Silicon priming triggers differential physiological, ionomic and metabolic responses in olive (Olea europaea L.) cultivars with different tolerance to salinity

Salinity stress can negatively influence the growth potential and productivity of olive trees affecting photosynthesis and, disturbing ions homeostasis and essential metabolic pathways. Silicon (Si) is proposed as exogenous pretreatment for mitigate the salinity impact on olive plants. One-year old 'Frantoio' (salt-tolerant) and 'Leccino' (salt-sensitive) plants (n = 5) were grown in pots filled with sand and clay and pretreated for 28 days with 10 mg L- 1 of Si(OH)4 then, for 51 days with 100 mM NaCl (12.15 g for each plant) and compared to control plants. The following hypotheses have been tested: i) Si pretreatment enhances photosynthetic performance by regulating stomatal closure and decreasing water loss; ii) Si reduces Na+ uptake and accumulation in new leaves; iii) Si improve the biosynthesis of compatible osmolytes that have a role in the regulation of the osmotic stress induced by salinity.
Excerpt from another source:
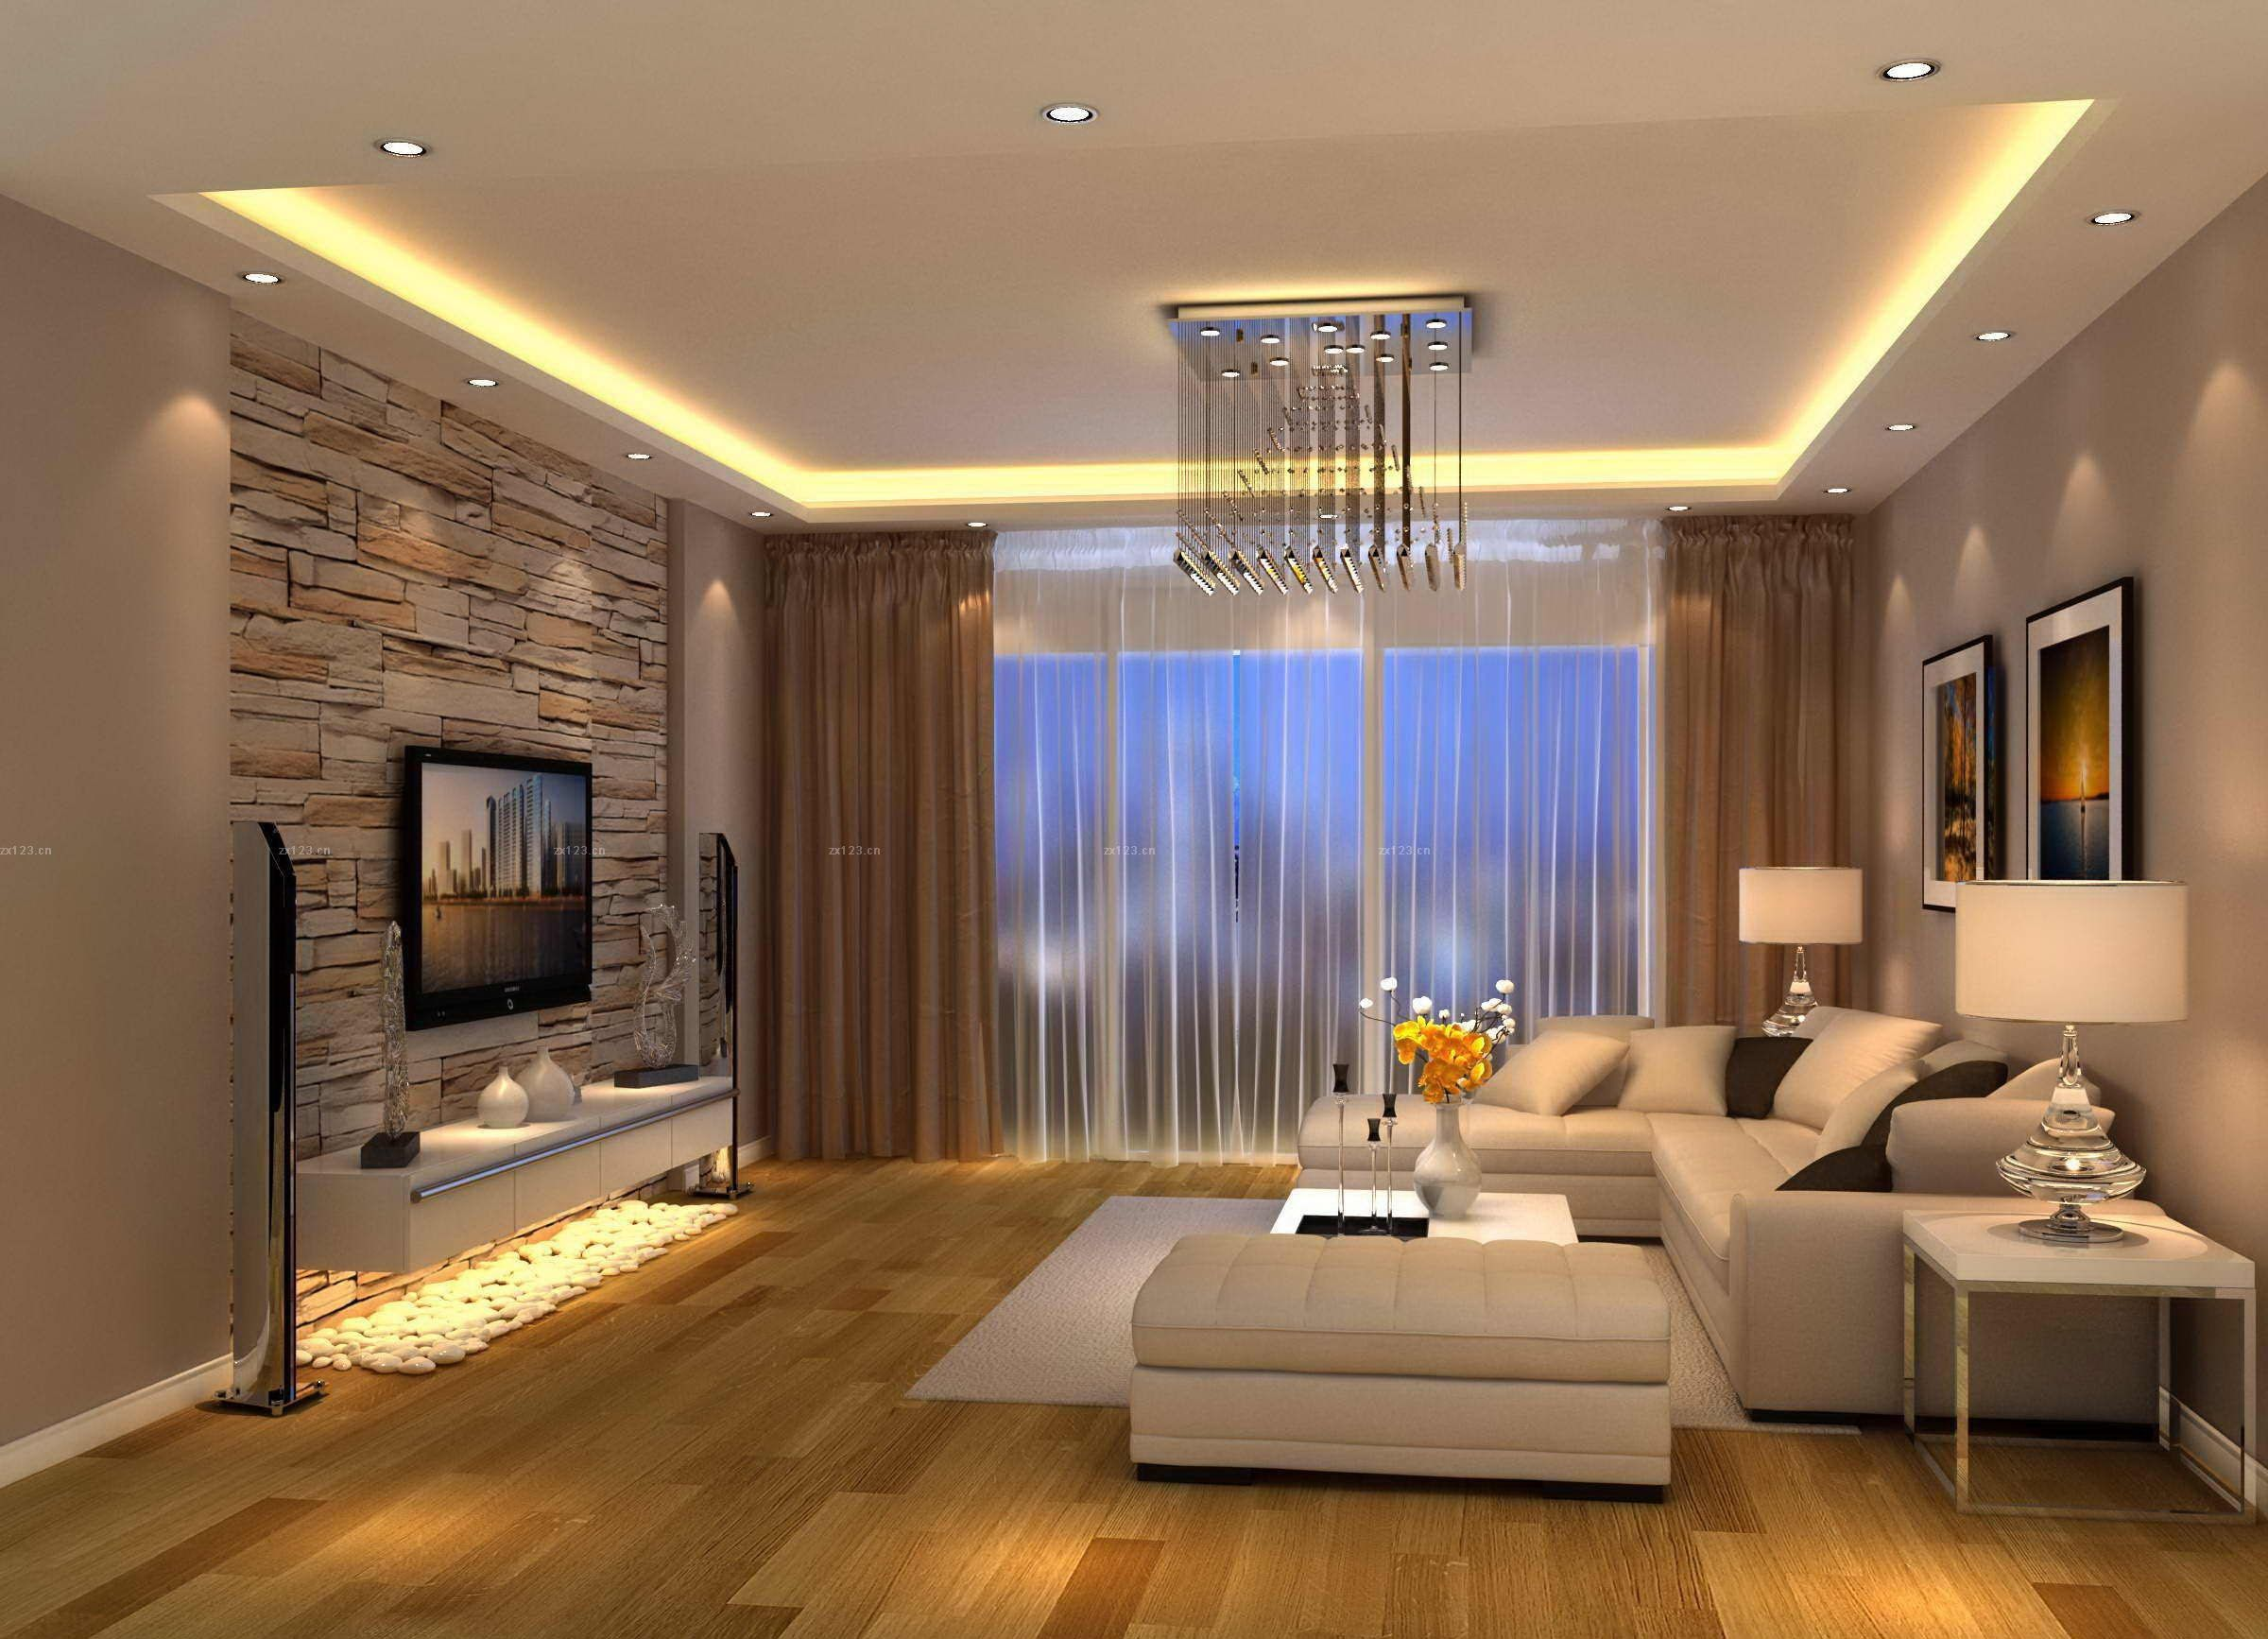 Best Kitchen Gallery: Modern Living Room Brown Design … Pinteres… of Living Room Ideas Modern  on rachelxblog.com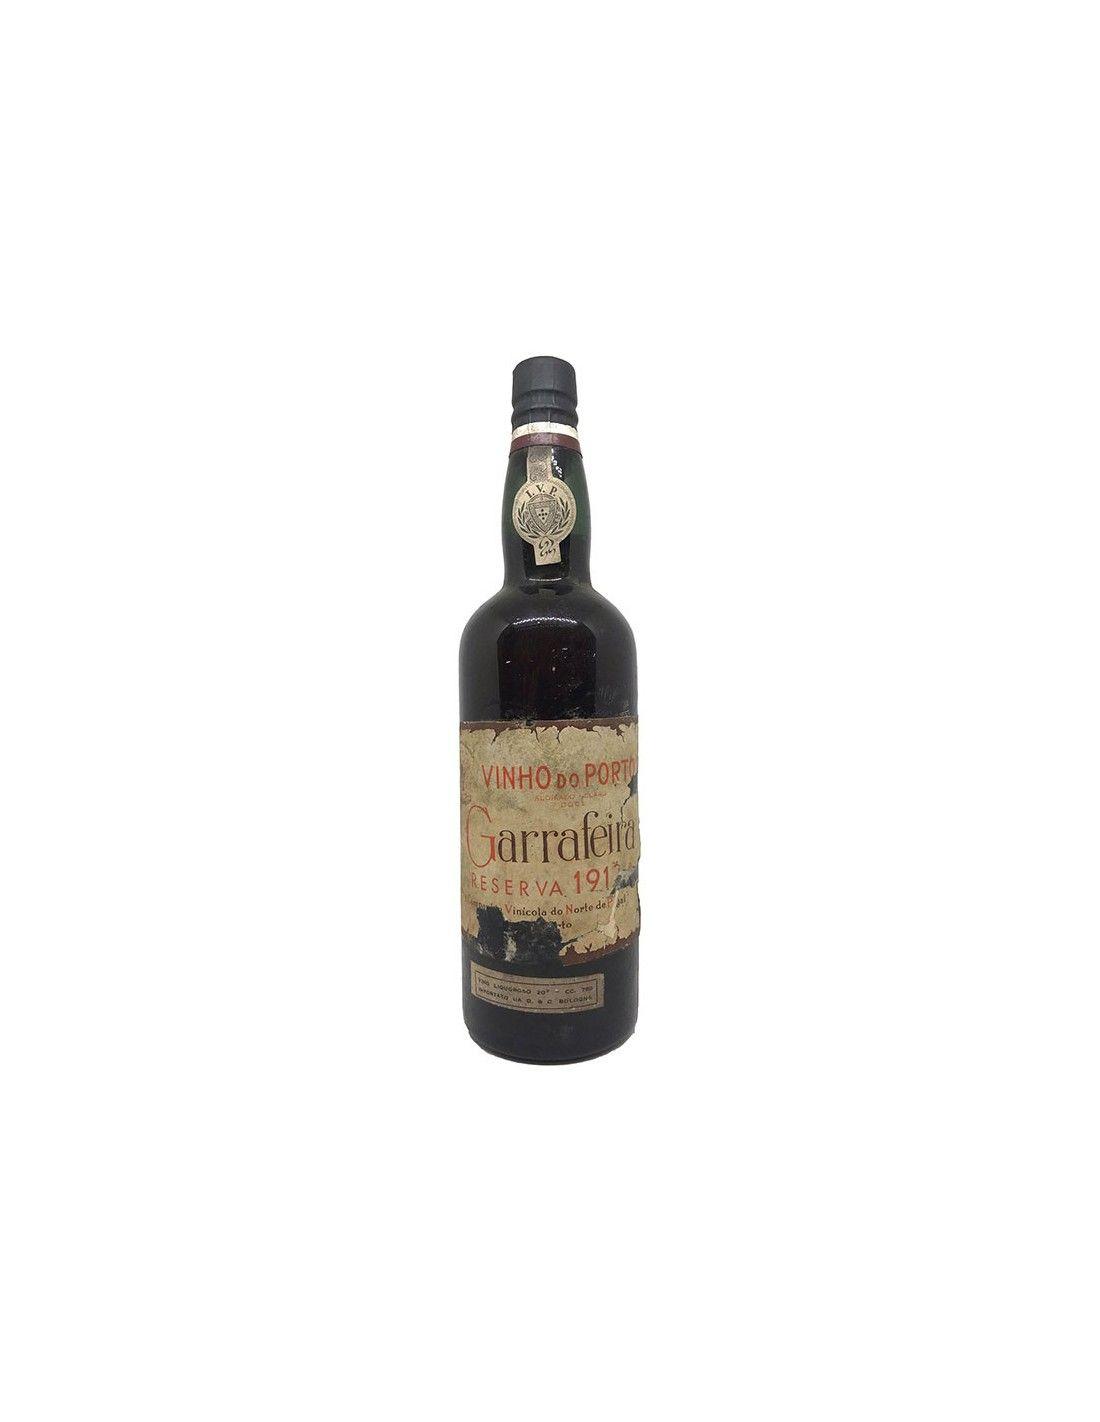 Vinho Do Porto Garrafeira 1912 REAL COMPANHIA VINICOLA GRANDI

The Si priming effect in olive tree was cultivar dependent. In 'Frantoio' Si induce a rapid early decrease of stomatal conductance increasing the intrinsic water use efficiencies (intWUE) not observed in 'Leccino' plants. In 'Leccino' the key Si effect was the reduction of Na+ accumulation in new leaves (-58 %) and maintenance of the K+ concentration under salinity. Specific interactions between Si and NaCl and the number of polyphenols affected were higher in 'Frantoio' than in 'Leccino'. Among the key mechanisms related to the Si- mediated tolerance to salt stress we can conclude that photosynthesis and Na+ uptake are the two principals involved in the responses of salinity to 'Frantoio' and 'Leccino' cultivars.